Morgennes
Morgennes, dont il chevauchait l’étalon – autrefois celui de Sagremor l’insoumis… Ce même Sagremor qui, il y avait bien longtemps, presque dans une autre vie, avait été son maître. Le premier chevalier au service duquel il s’était mis. « Que tout cela est loin, pensa Alexis. Qu’il est loin le temps où, pleurant sur la tombe de mes parents, un fantôme m’était apparu pour me commander d’aller en Terre sainte… »
Parti sur-le-champ, Alexis avait renoncé à tout. Y compris à son héritage. En tant qu’aîné de la famille, il aurait dû recevoir de son père un superbe domaine, une vingtaine de bourgs, de vastes forêts giboyeuses et une douzaine d’étangs. Las, il avait tout abandonné à son jeune frère, dont il devait apprendre bien plus tard que le fantôme, c’était lui.
Son frère s’était caché sous un drap, et avait su trouver les mots pour l’envoyer se croiser, l’écartant ainsi de la succession. « Qu’importe, se disait Alexis. Dieu me voulait en Terre sainte. Et ce fantôme, même faux, a été le moyen que Dieu a employé pour me faire connaître Sa volonté… C’est très bien. »
En vérité, hormis Guillaume de Tyr, personne ne comprenait mieux Amaury qu’Alexis. Mais les deux hommes avaient rarement l’occasion de s’entretenir, et maintenant encore moins qu’autrefois, depuis qu’Alexis de Beaujeu était entré dans l’ordre des Hospitaliers, et qu’on l’avait muté au Krak.

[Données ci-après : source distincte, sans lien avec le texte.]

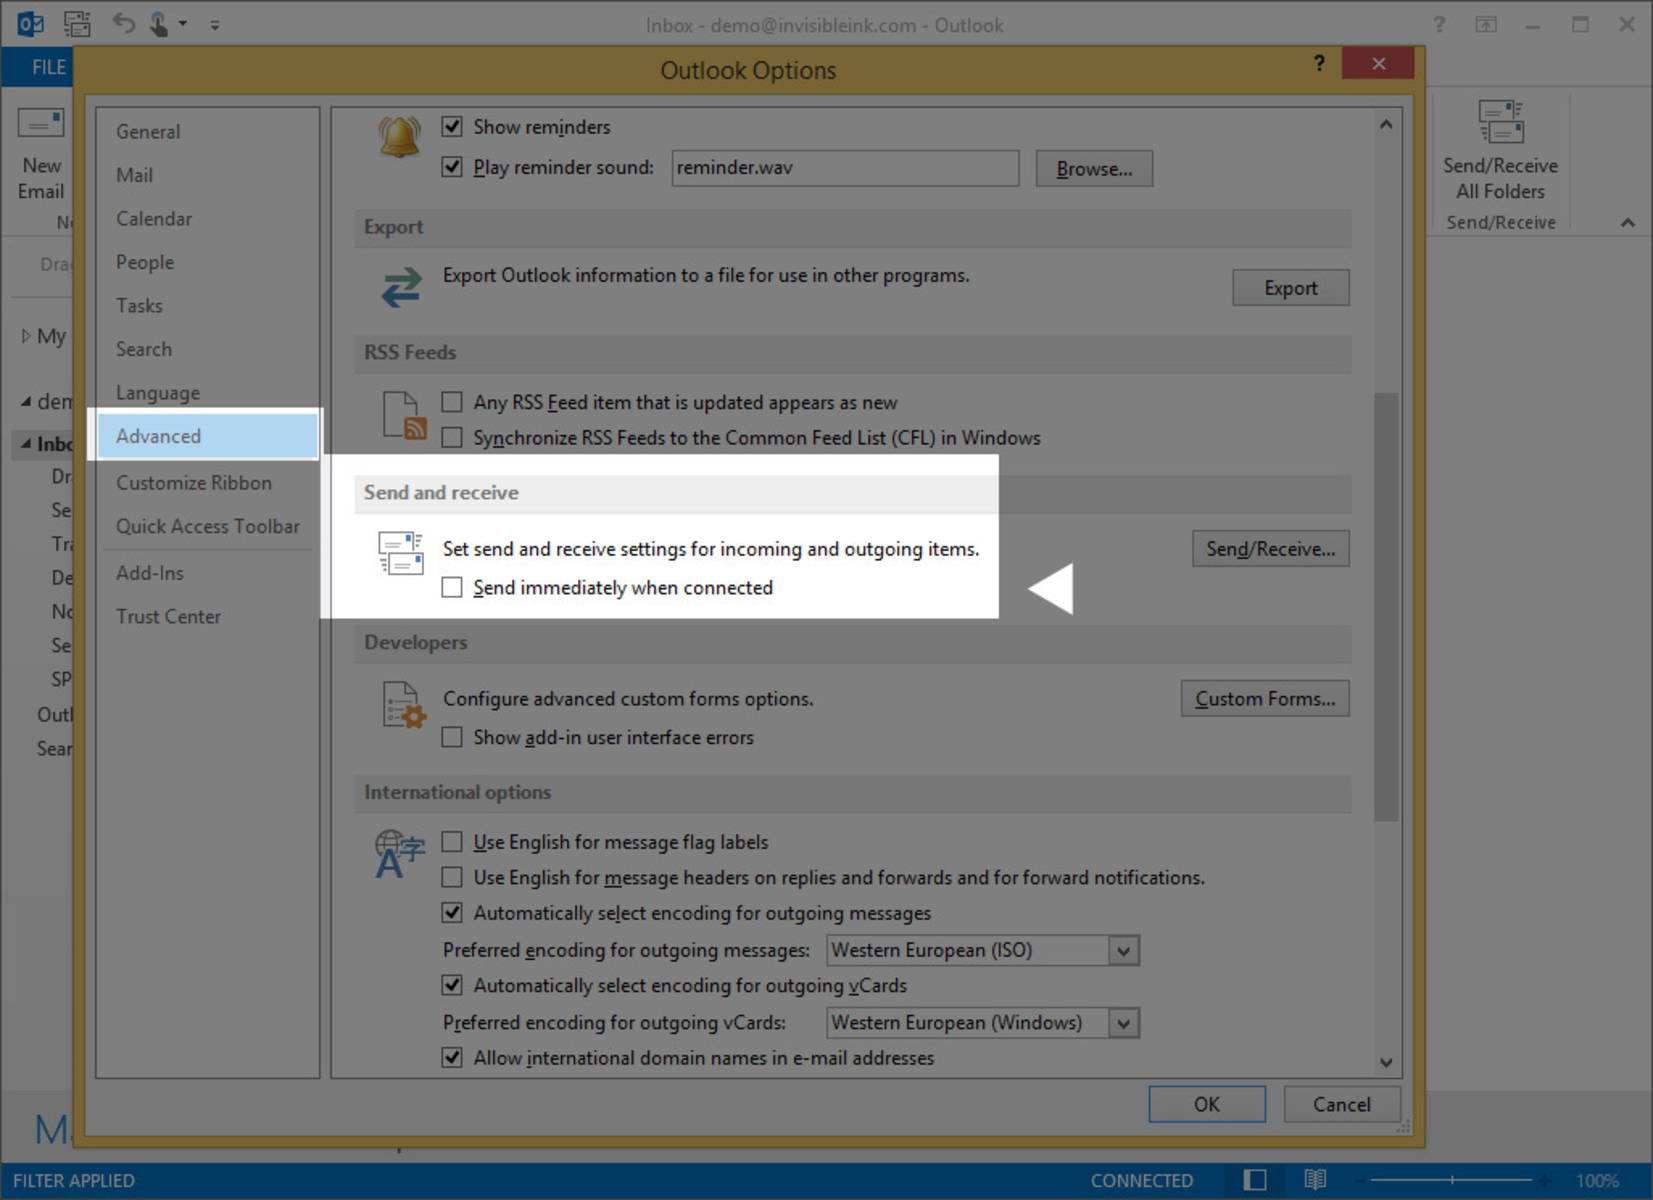 Step 2 » Select Advanced from the left-hand side of the Outlook Options window, then Scroll to the Send & Receive heading. Un-check the box labeled "Send immediately when connected". Click OK to close the Outlook Options window.

Après plusieurs heures d’une chevauchée éprouvante, la petite troupe arriva dans les environs de Lydda. La ville avait beaucoup souffert, comme toute la région, du tremblement de terre. Des failles avaient ouvert en deux des petits bois, jetant les arbres à bas, crachant de fins nuages de poussière dans l’air sec de la fin décembre. On ne pouvait respirer sans tousser, et durant plusieurs jours, une pellicule ténue, mélange de sable et de cendre, viendrait se déposer sur tout. Ce n’est qu’au mois de mars que ce désastre serait lavé, par une pluie torrentielle. En attendant, on avait une impression de fin du monde, une sensation de sale, renforcée par l’air affligé des miséreux que l’on croisait sur sa route.
Des gens tendaient le bras pour réclamer un bout de pain, quelques grains de blé. La nourriture des animaux – l’orge et le millet – était pour eux un vrai festin. Ils s’en gavaient à pleines mains quand, touché par leur détresse, Amaury ordonna qu’on leur versât la ration des chevaux.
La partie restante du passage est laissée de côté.